William left his family's home at sunrise, his heart lighter than it had been in months.
The dangers hadn't disappeared.
His goals hadn't changed.
He hadn't forgotten Kate.
Nor had he forgotten the cult responsible for everything that had happened.
Yet, for the first time since the catastrophe began, he was no longer moving forward fueled solely by fear and anger.
There was something else inside him now.
Something calmer.
Something that felt like certainty.
With that feeling guiding him, he returned to the place where he had parted ways with the old man days earlier.
The cabin was still there.
The same ancient trees surrounded it.
The same silence lingered in the air.
But the old man wasn't inside.
William eventually found him sitting atop a massive rock overlooking the forest.
His eyes were closed.
His body was completely still.
As though he were not a man at all, but a piece of nature itself.
William approached and stopped in front of him.
Before he could say a word—
The old man spoke.
"Finished visiting your family?"
William raised an eyebrow.
"How did you know?"
A faint smile appeared on the old man's face.
"You would've only returned with that look in your eyes if you'd seen them."
William let out a quiet sigh before sitting beside him.
"So... what's next?"
The old man finally opened his eyes.
"The real stage begins now."
William frowned.
"The real stage?"
The old man nodded.
"Everything before this was preparation."
His gaze drifted toward the distant horizon.
"But now..."
"You must learn how to see the world."
William blinked.
"See the world?"
"Your ability isn't based solely on physical strength."
"It isn't based solely on energy either."
"It is based on understanding."
The old man slowly rose to his feet.
"And that's why we're leaving."
Before William could ask another question—
The old man vanished.
Or at least, that's what it looked like.
A split second later, he appeared high in the sky.

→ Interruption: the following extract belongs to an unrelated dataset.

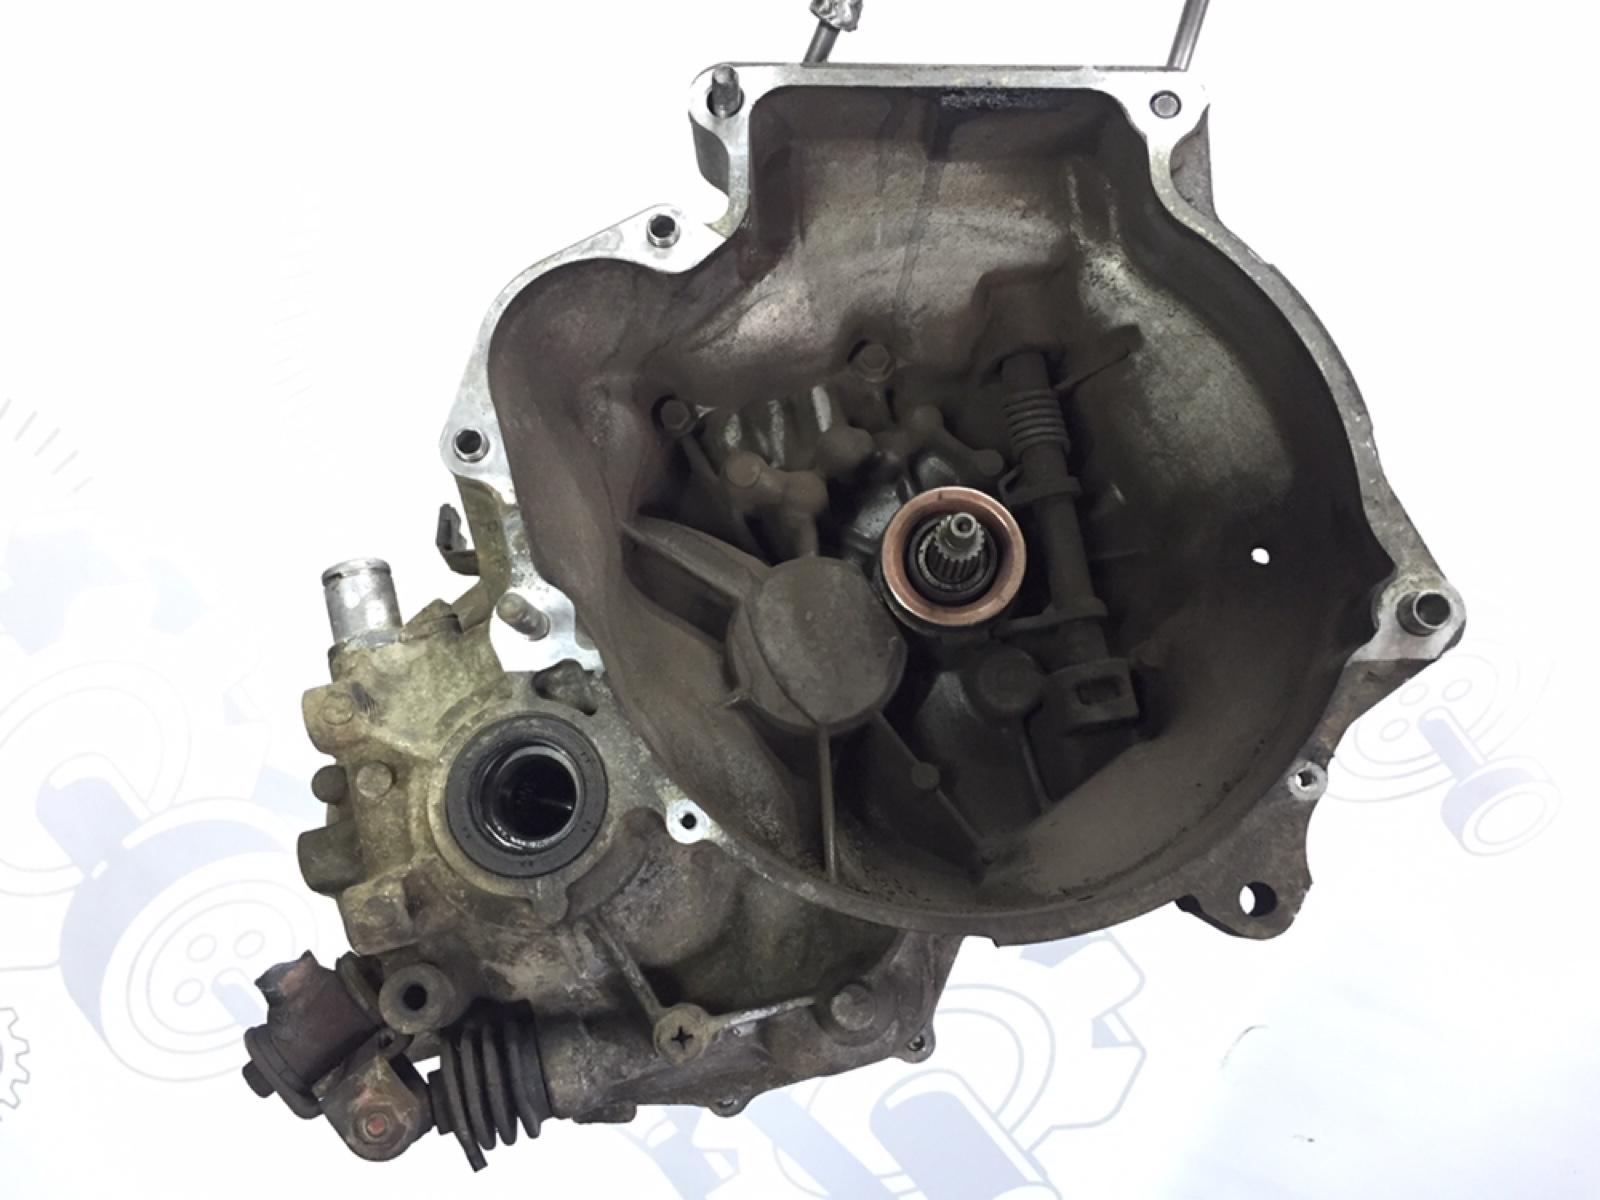 Кпп механическая (мкпп) Suzuki Swift 1.0 I 2002 (б/у)

Dozens of meters above the ground.
William froze.
His jaw dropped.
"What...?"
He looked up.
"You're flying?!"
For the first time in a long while, the old man laughed.
A short laugh.
But one filled with genuine amusement.
"Is this your first time seeing someone fly?"
"Of course it is!"
"Then come."
"How?!"
The old man descended and placed a hand on William's shoulder.
The next moment—
The ground disappeared beneath his feet.
His heart nearly stopped.
Wind exploded around them.
The earth rapidly shrank below.
"We're falling!"
William shouted.
"No."
The old man's voice remained calm.
"We're flying."
William forced himself to open his eyes despite the violent wind.
Forests became patches of green.
Rivers turned into silver threads.
Mountains became distant shadows.
And for the first time in his life...
He saw the world from above.
Vast.
Boundless.
Far larger than he had ever imagined.
The Ocean
Hours later, the ocean appeared on the horizon.
An endless expanse of blue stretching beyond sight.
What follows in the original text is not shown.